Komorbidität bei Borderline

Die Borderline Persönlichkeitsstörung hat, wie die meisten Persönlichkeitsstörungen, eine sehr hohe Komorbiditätsrate. Borderline kommt selten (bis gar nicht) alleine vor. Mit der „Emotional instabilen Persönlichkeitsstörung vom Typ Borderline“ wird in der Regel mindestens eine weitere, häufig mehrere, komorbide Störung diagnostiziert. Die durch Empirie am meisten festgestellten Komorbiditäten sind:

 

Entscheidend ist, dass bei der Behandlung das Vorliegen anderer Erkrankungen mit berücksichtigt wird, da diese den Therapieerfolg entscheidend beeinflussen können. So kann es zum Beispiel beim Vorhandensein einer schweren Abhängigkeitserkrankung wichtig sein, als erstes die Suchtproblematik zu behandeln, auch wenn sie vielleicht (nur) die Folge der Primärstörung ist.

Das gleichzeitige Vorkommen von körperlichen und psychischen Erkrankungen kann zu schlechteren Behandlungsergebnissen führen und verschlechtert nachweislich die Prognose der jeweils einzelnen Erkrankungen.

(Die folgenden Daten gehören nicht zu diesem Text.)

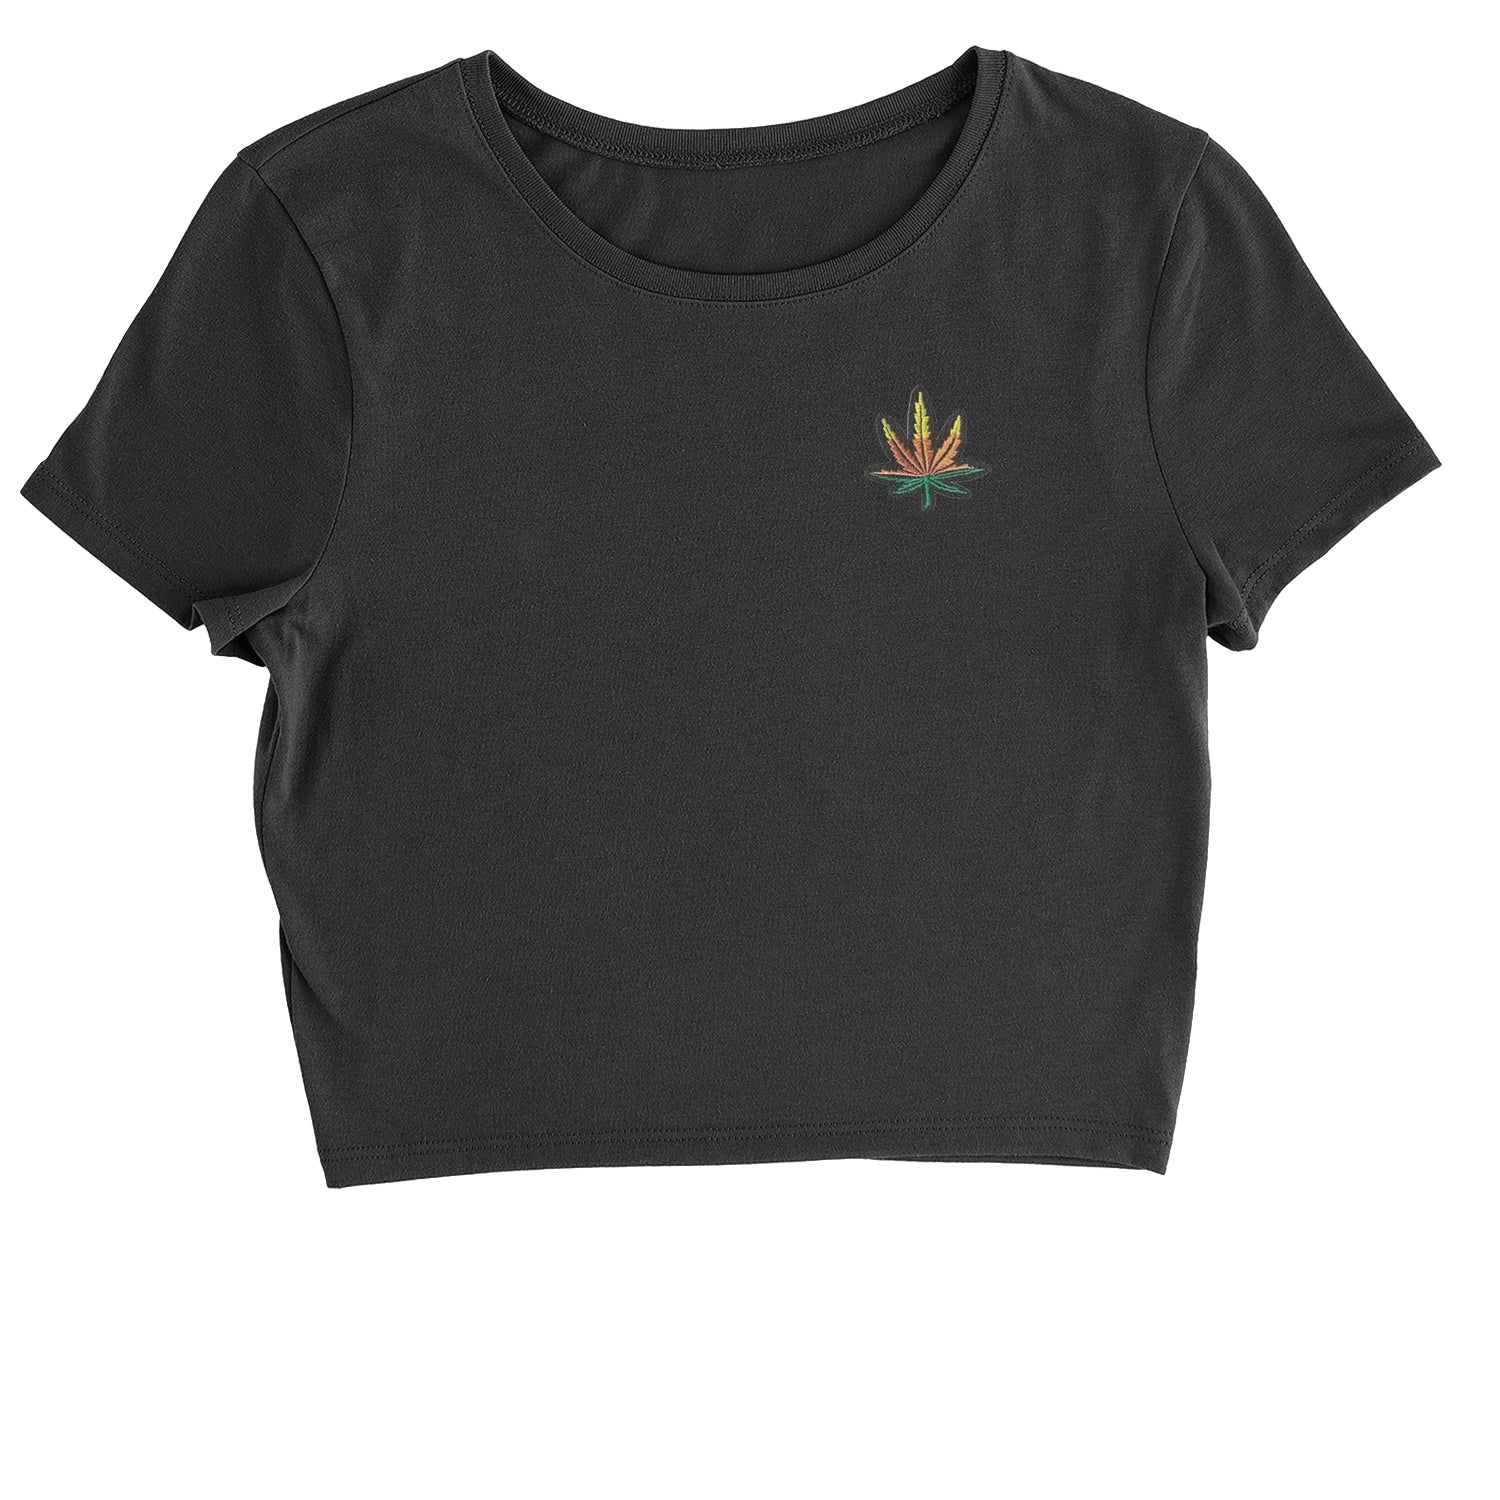 Embroidered Rasta Pot Leaf Patch (Pocket Print) Cropped T-Shirt bob, legalize, marijuana, marley, rastafarian, weed by Expression Tees
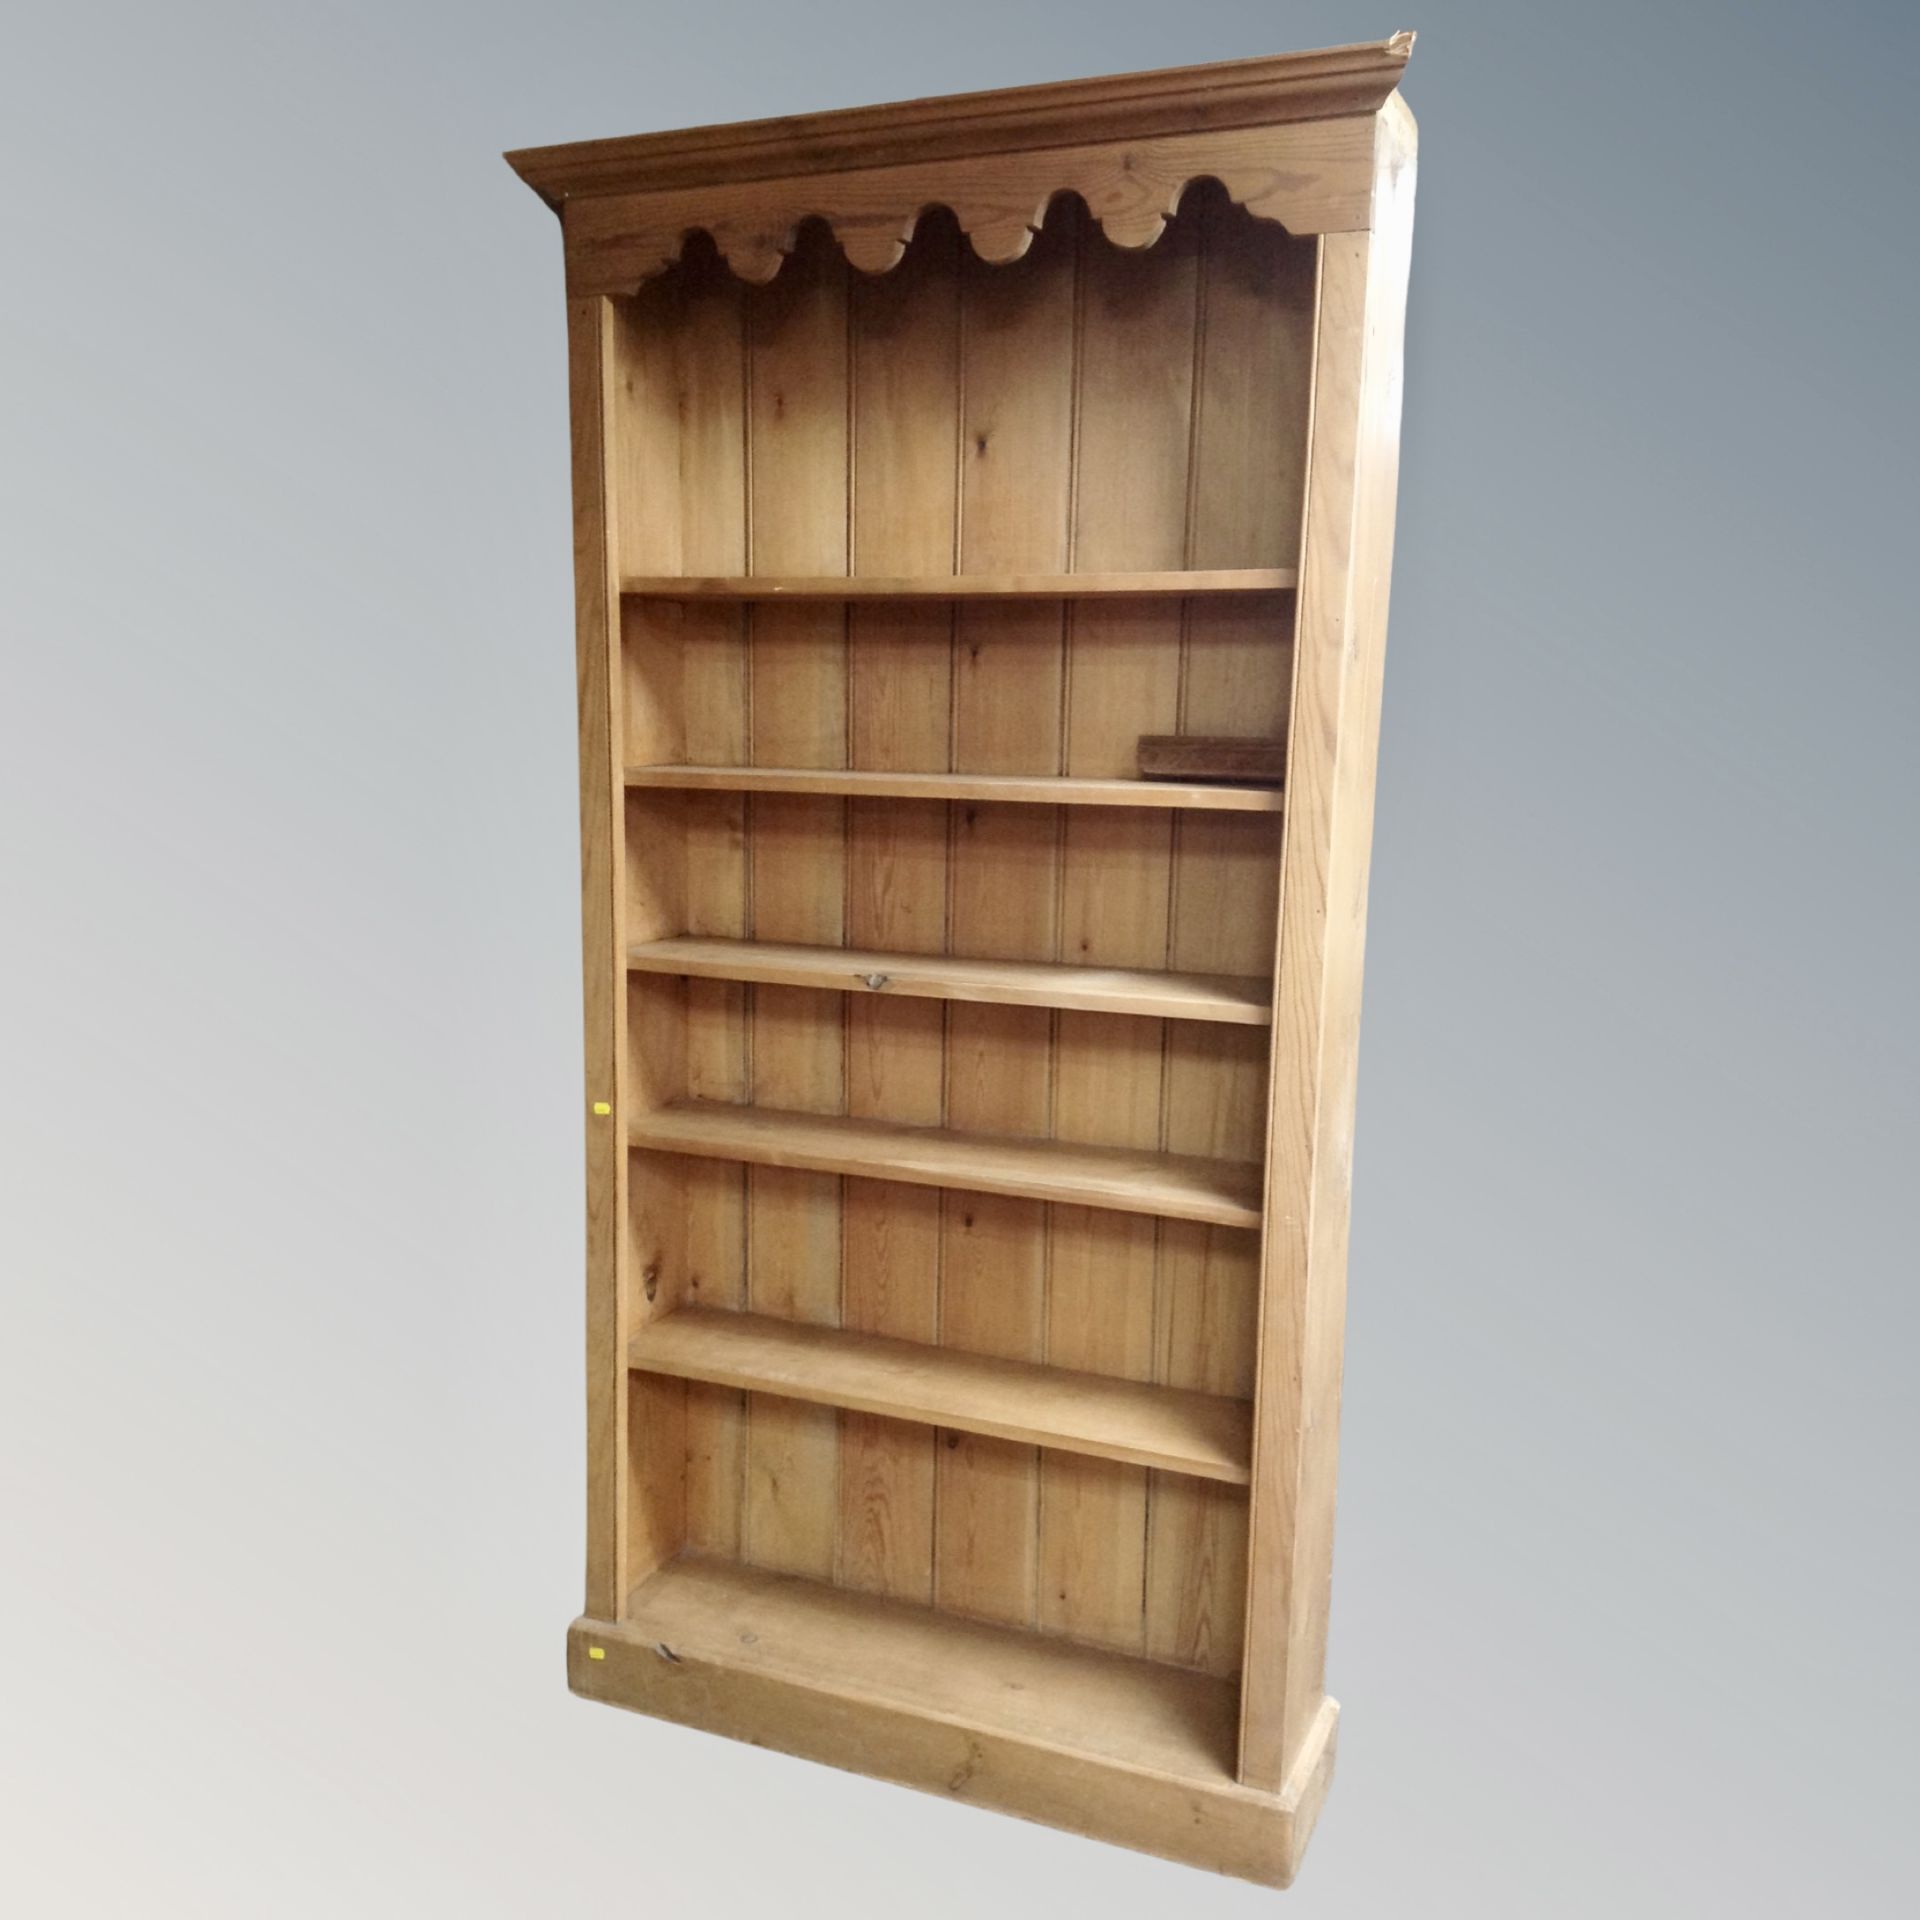 A set of vintage pine bookshelves (cornice a/f)

Das Komorbiditätsmodell ist, besonders im Bezug auf die Borderline-Persönlichkeitsstörung, umstritten. Die Komorbiditätsraten weichen in verschiedenen Studien stark voneinander ab. Das hängt damit zusammen, dass viele Symptome der möglichen Begleiterkrankungen für Borderliner so charakteristisch sind, dass viele Experten sie nicht als eigenständige, zusätzliche Erkrankungen sehen, sondern eher als zusätzliches Symptom. Einige Experten bevorzugen deshalb den Begriff „Kosymptomatik“ (Dulz, Schneider). Dies gilt insbesondere für Drogenabhängigkeit, Essstörungen, Depressionen und psychotischen Symptome (Birger Dulz und Angela Schneider, 2004, S. 58). Auch Angststörungen fallen unter diese charakteristischen Begleiterkrankungen, da die frei-flottierende-Angst typisch für Borderliner ist.

Andere Experten glauben wiederum deutliche Unterschiede in den Symptomen erkennen zu können, die eine klare Abgrenzung zwischen Borderline-typisch und abgrenzbare zusätzliche Erkrankung ermöglichen. So kann ein Borderliner zum Beispiel auch andere Angststörungen aufweisen, die nicht im direkten Zusammenhang mit der Borderline Persönlichkeitsstörung stehen. Ähnlich ist es bei der „Major-Depression“.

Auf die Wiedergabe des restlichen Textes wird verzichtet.